- [EXERCISE]: Beginning with the line where "Zweiter Teil. Die transzendentale Logik" appears, restate each line word for word until the data ends. Pictures do not go in.

- [GIVEN INFORMATION]:
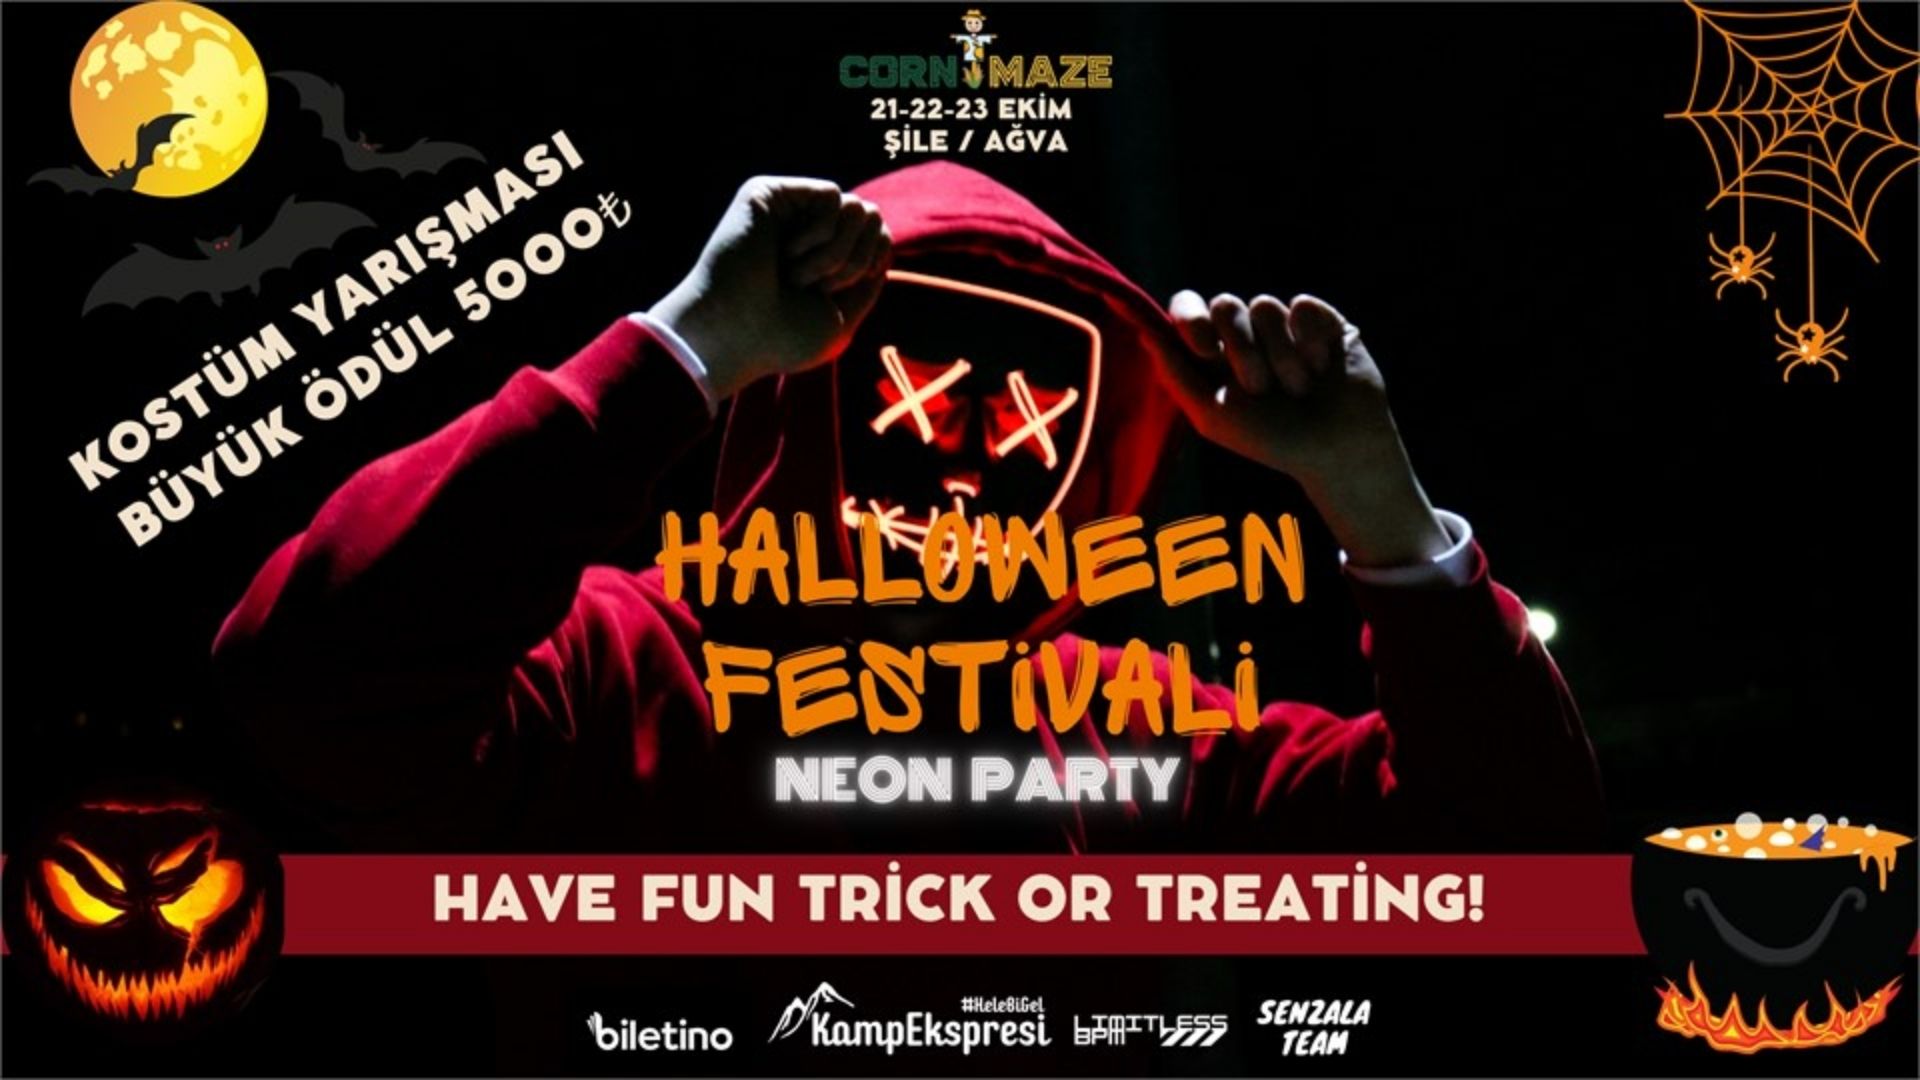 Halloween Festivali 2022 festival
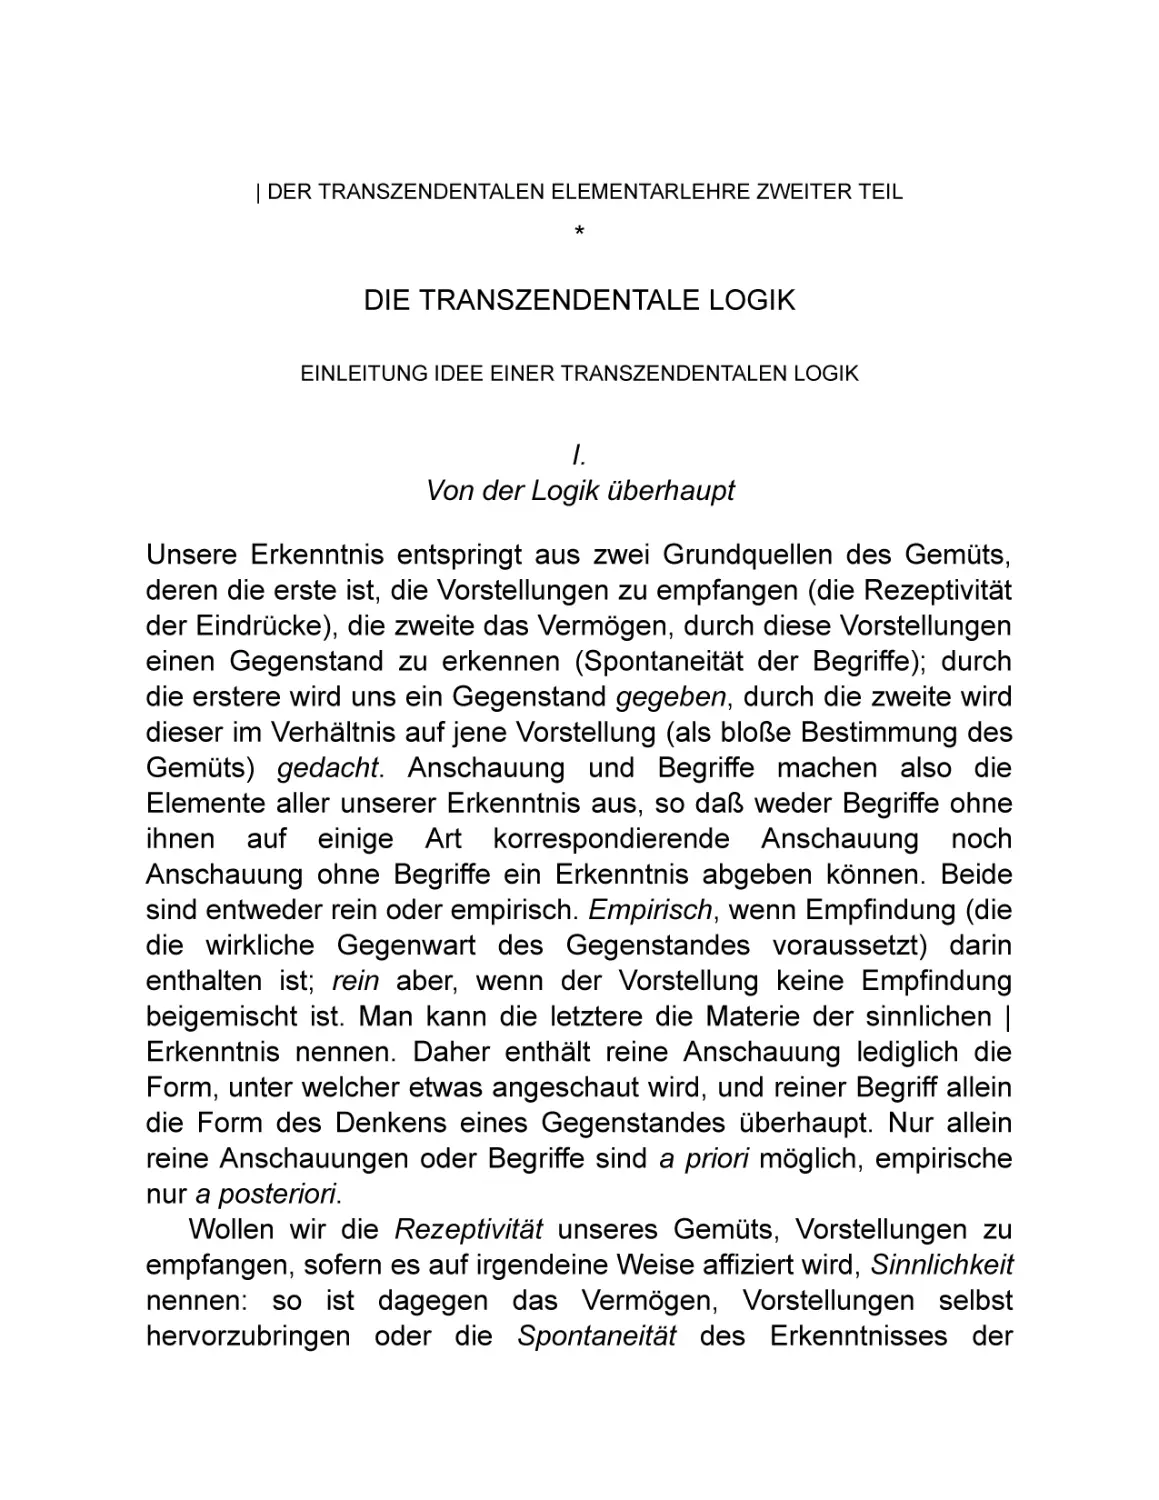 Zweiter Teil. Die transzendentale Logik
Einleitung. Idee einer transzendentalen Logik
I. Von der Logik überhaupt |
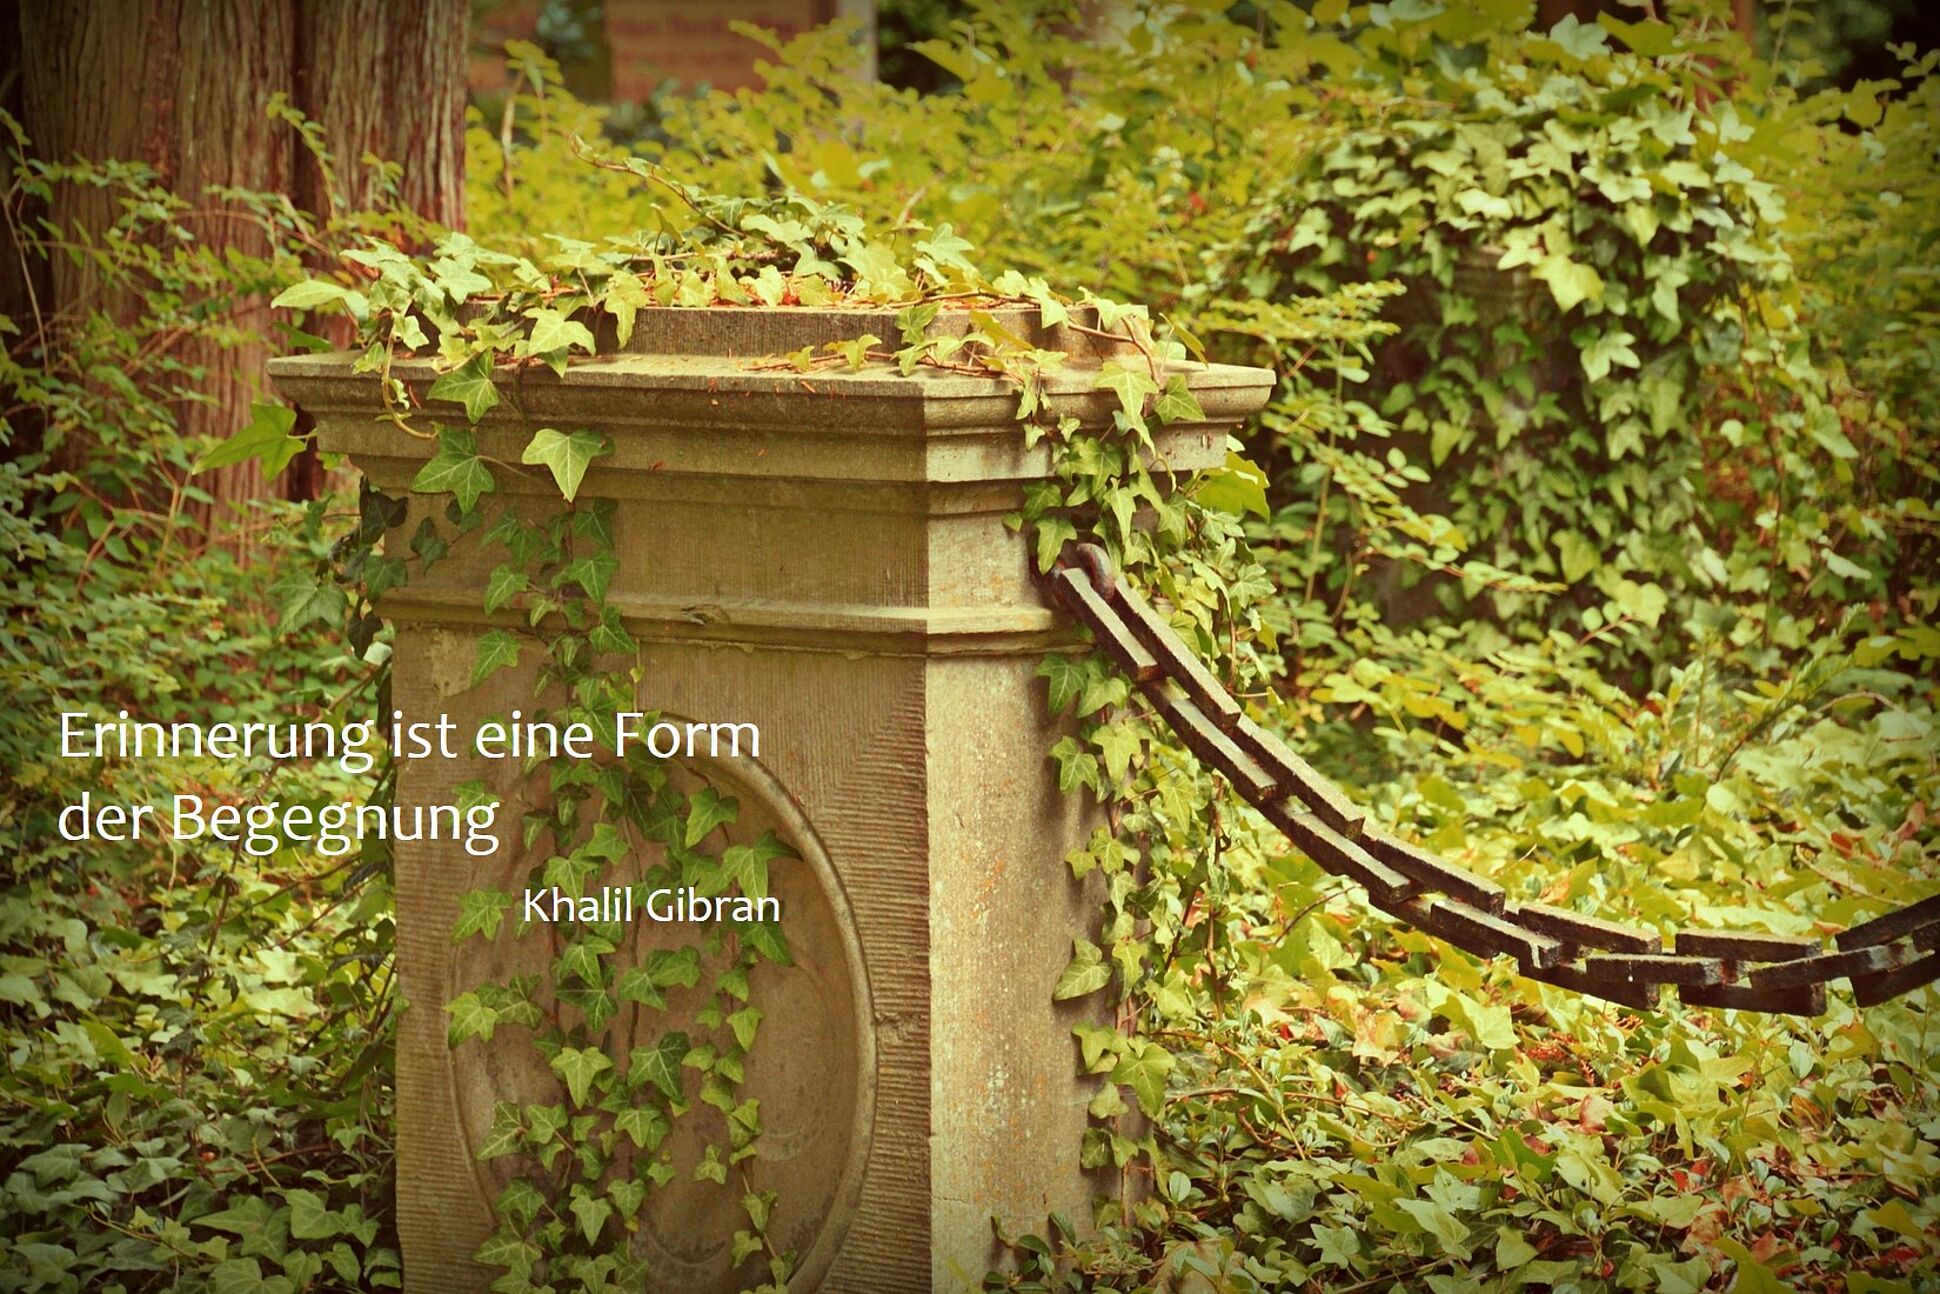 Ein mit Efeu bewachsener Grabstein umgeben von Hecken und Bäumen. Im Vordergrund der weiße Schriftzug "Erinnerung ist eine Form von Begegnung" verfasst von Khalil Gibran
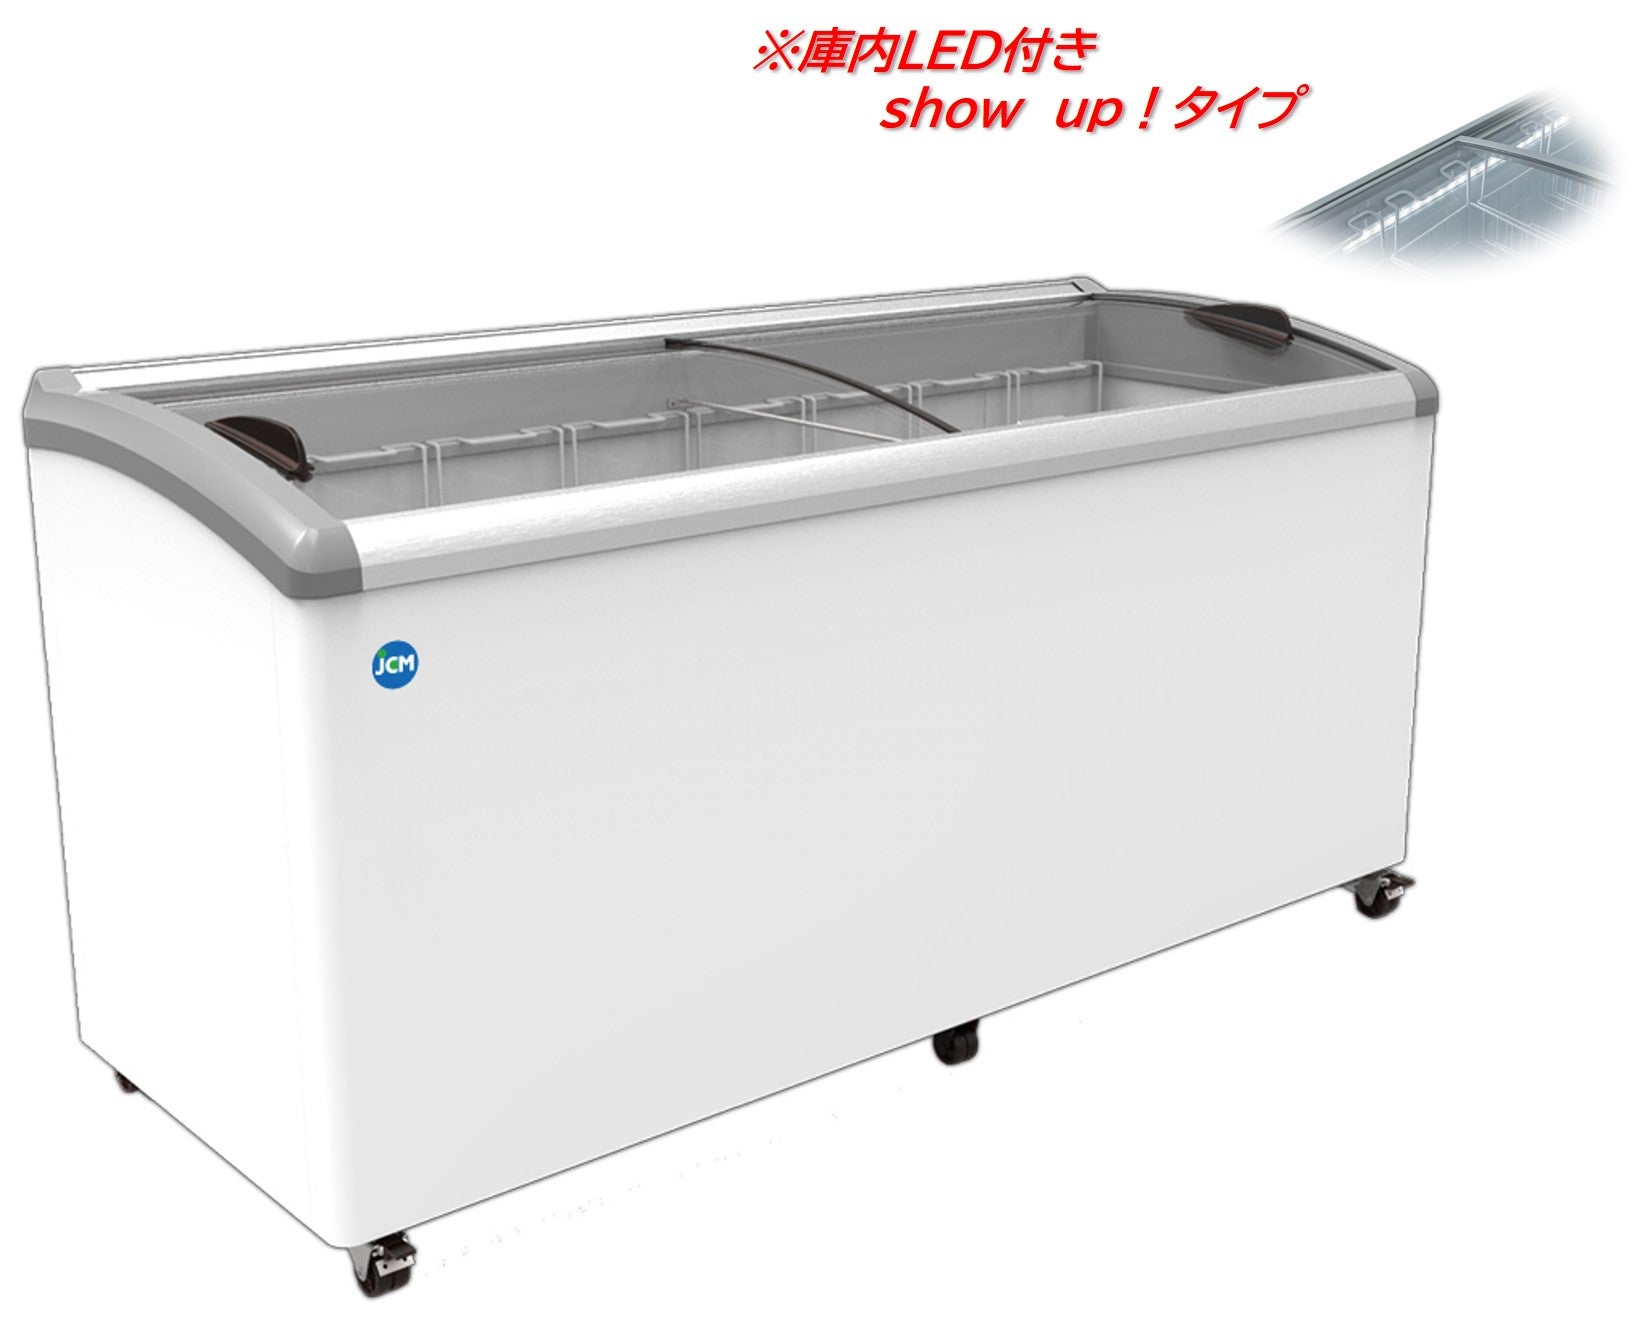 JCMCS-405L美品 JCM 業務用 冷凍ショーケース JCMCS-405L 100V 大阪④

- [OUTPUT FOR THIS EXERCISE]:
 Zweiter Teil. Die transzendentale Logik
Einleitung. Idee einer transzendentalen Logik
I. Von der Logik überhaupt |
 Ein mit Efeu bewachsener Grabstein umgeben von Hecken und Bäumen. Im Vordergrund der weiße Schriftzug "Erinnerung ist eine Form von Begegnung" verfasst von Khalil Gibran
 JCMCS-405L美品 JCM 業務用 冷凍ショーケース JCMCS-405L 100V 大阪④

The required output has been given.